On the Eve of the Millennium: The Future of Democracy Through an Age of Unreason. - book reviews

National Review, April 8, 1996 by John Gray

IT is a natural inclination, as we approach the end of the present millennium, to take stock of our civilization and look to its future. If recent experience is any guide, however, much of that stock-taking will express the callowest futurism.

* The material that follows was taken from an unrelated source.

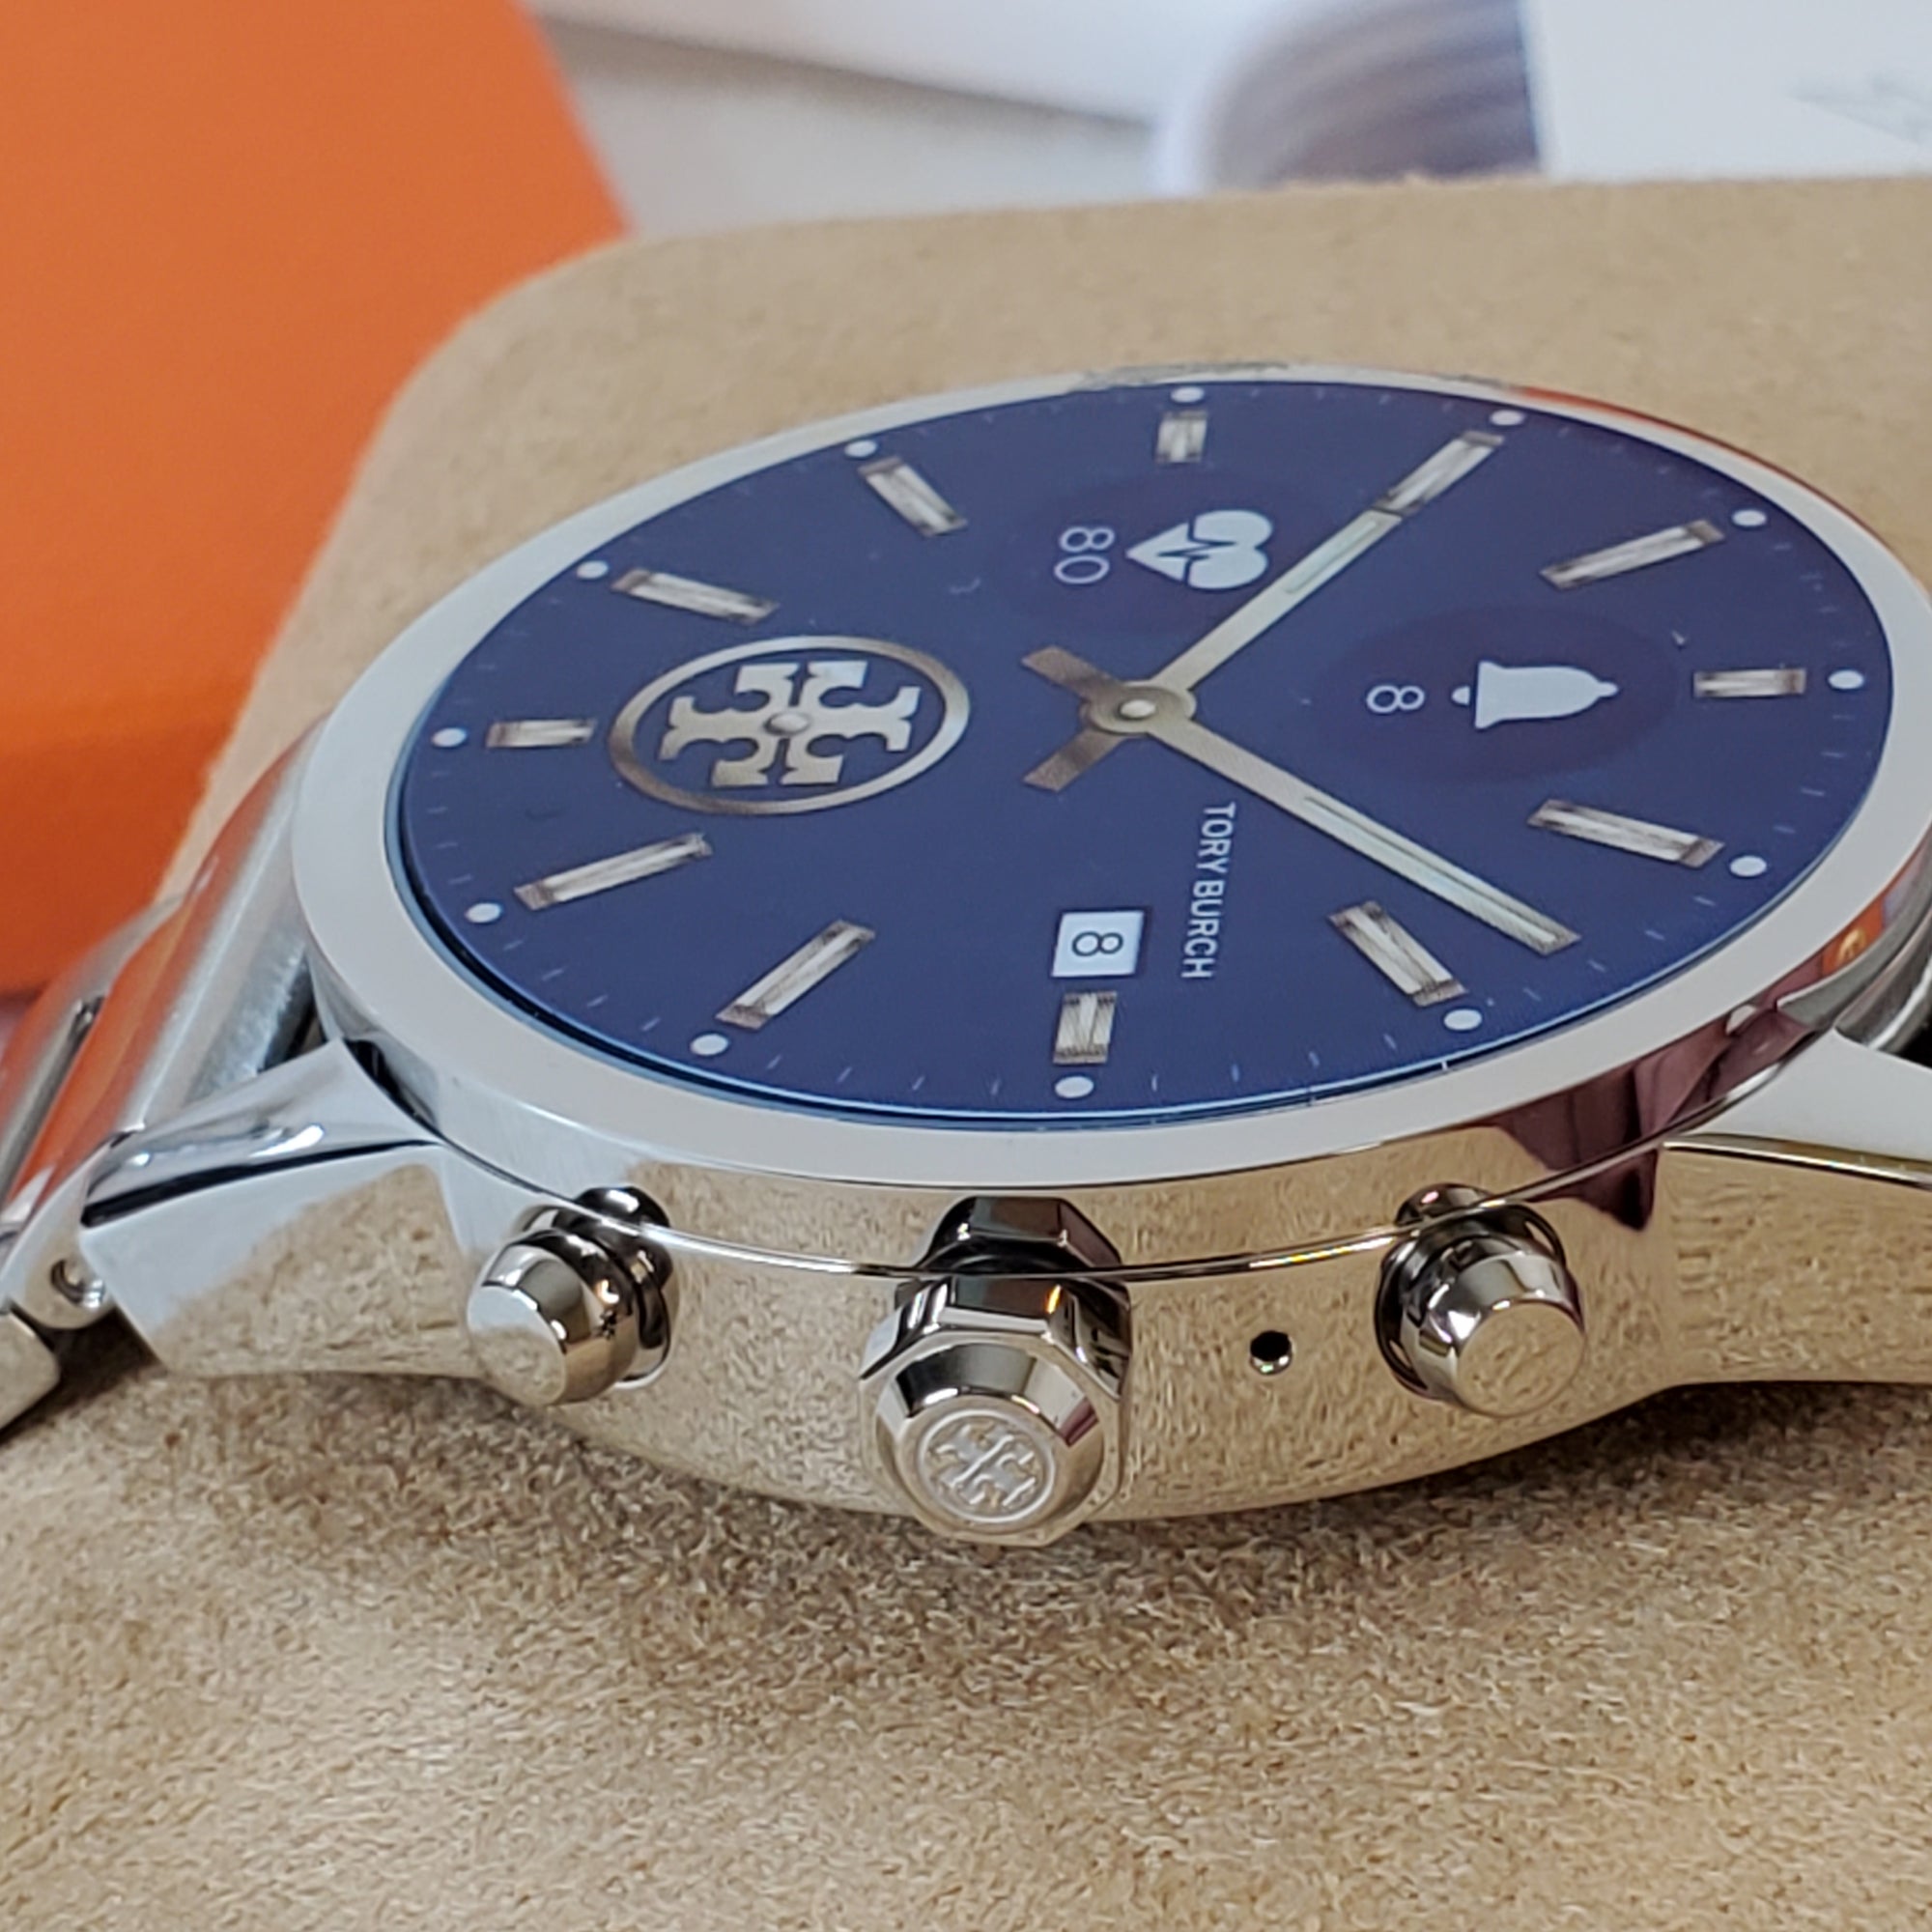 Tory Burch Smartwatches are here

It will consist of empty techno-utopian babble about the prospects of improvement that are opened up by new technologies, whose inherent ethical ambiguities and potential for harm will be ignored; triumphalist affirmations of the end of history that neglect the oldest lesson of history, which is that no form of government is ever secure or final; and confident predictions of a global civilization built on a Western model, made at just the historical moment when the many evidences of Western decline are encouraging non-Western peoples to return to their own traditional values.

The shallow hopes that such fashionable futurism betrays are testimony to an undeniable truth: that all Western cultures, but above all the United States, are today children of the Enlightenment. They cannot help viewing themselves and the world through the lens of Enlightenment conceptions of steady historical progress toward a universal civilization, even though this lens has been shattered, not once but again and again, in our century. It was broken, above all, by the Holocaust, but also by the Gulag, the Cultural Revolution, the Cambodia of Pol Pot, and many a lesser atrocity.

A sober and dispassionate stock-taking of the Enlightenment is then needed, as a part of the assessment of our cultural condition that we are bound to embark upon as we near the millennium. It is difficult to think of a better survey of our civilization's current discontents than the one Conor Cruise O'Brien gives us in his short new book.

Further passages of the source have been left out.